To train the model, execute the following commands in your terminal:
pip install -r backend/requirements.txt
python baseline models/<choose the baseline model you want>The model's performance is evaluated using various metrics, including accuracy, F1 score, precision, and recall. Detailed training logs and evaluation reports will be generated during the training process. Comprehensive classification reports are also available to assess the effectiveness of the model across different classes.
The Baseline_Code1 Model has reached a high accuracy of 70.77% which is the best compared to models released across the internet trained on the same dataset. The below link compares the best models trained on this dataset. Data Source
Contributions are welcome!

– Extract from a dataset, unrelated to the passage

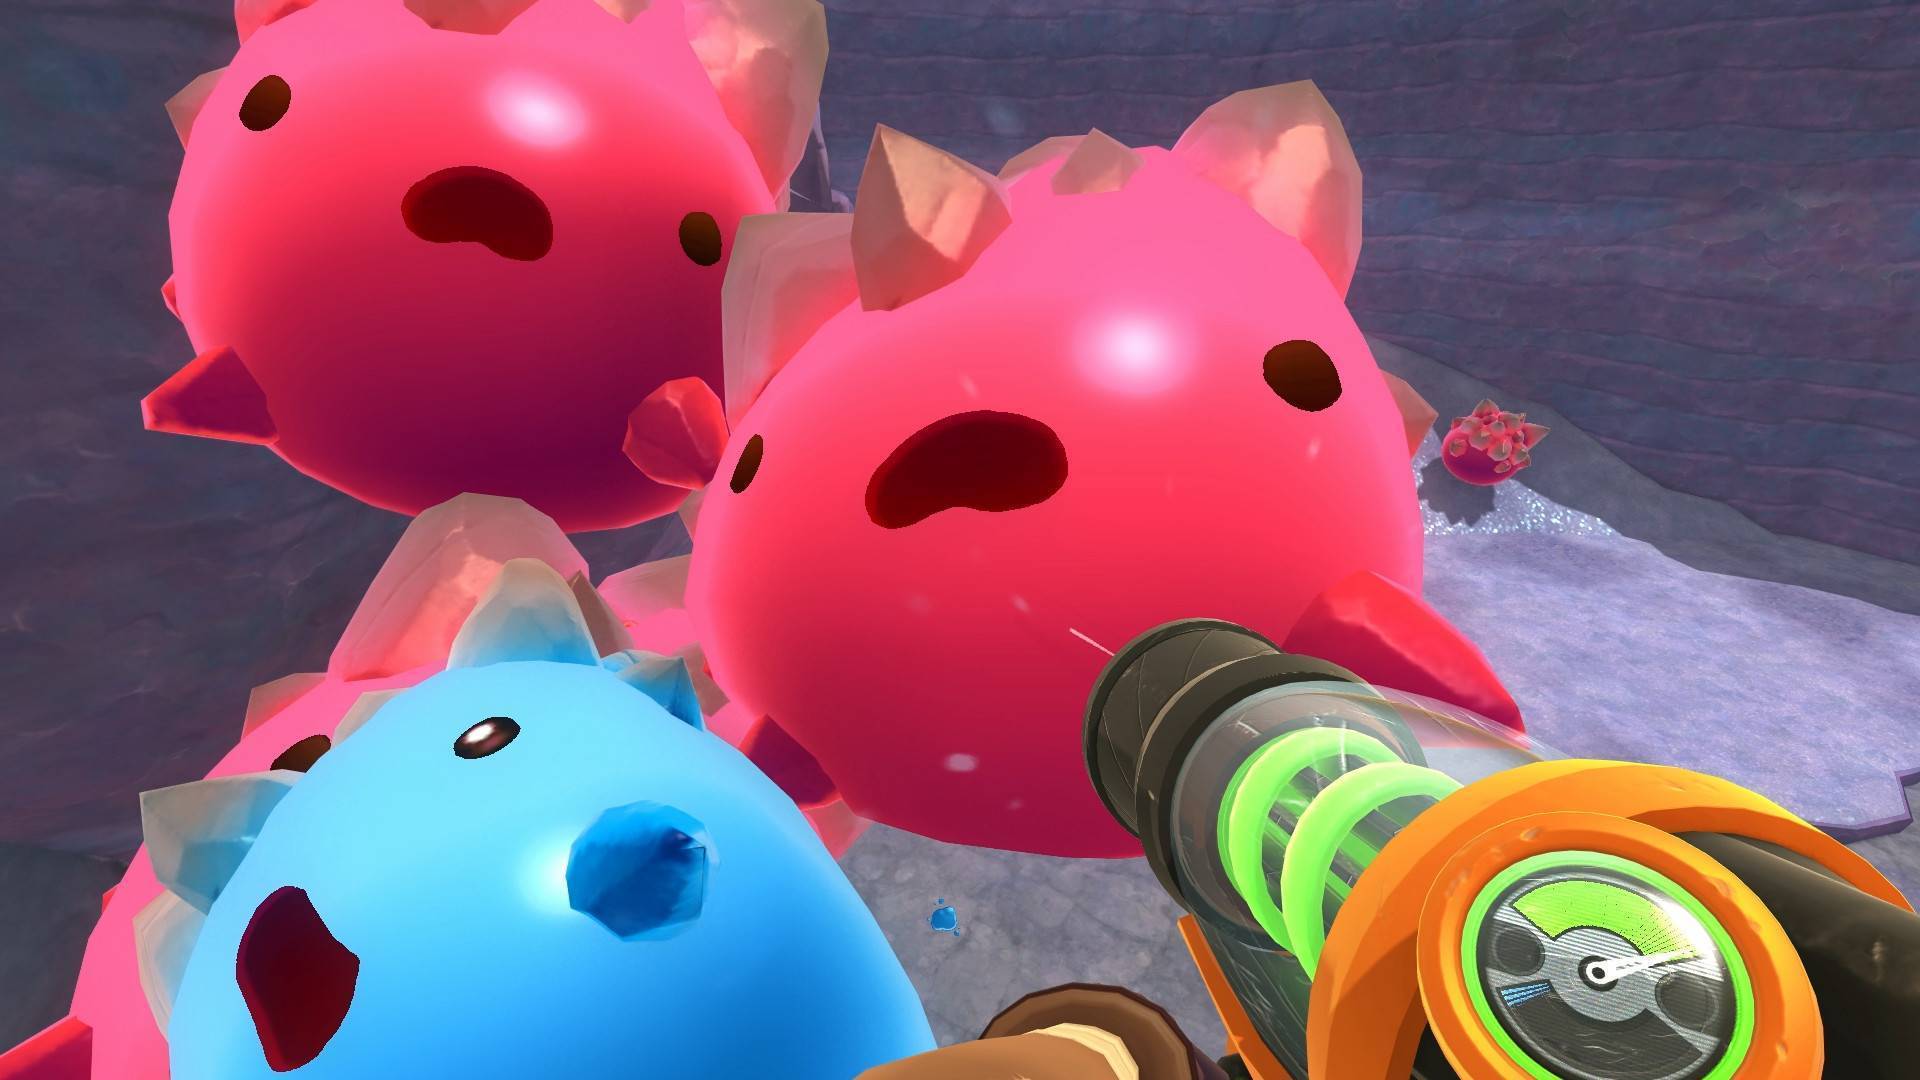 Slime Rancher (PS4) cheap - Price of $8.33

If you have suggestions for improvements, or new features, or wish to report issues, please open an issue or submit a pull request. We encourage collaborative efforts to enhance the project's capabilities and reach.
This project is licensed under the MIT License. See the LICENSE file for details.
- Integration of Additional Modalities: Expand capabilities to include audio and video analysis more comprehensively.
- Real-time Detection: Implement mechanisms for real-time misinformation detection using live feeds from social media platforms.
- User Feedback Mechanism: Incorporate a user feedback system to continuously improve model accuracy based on community input.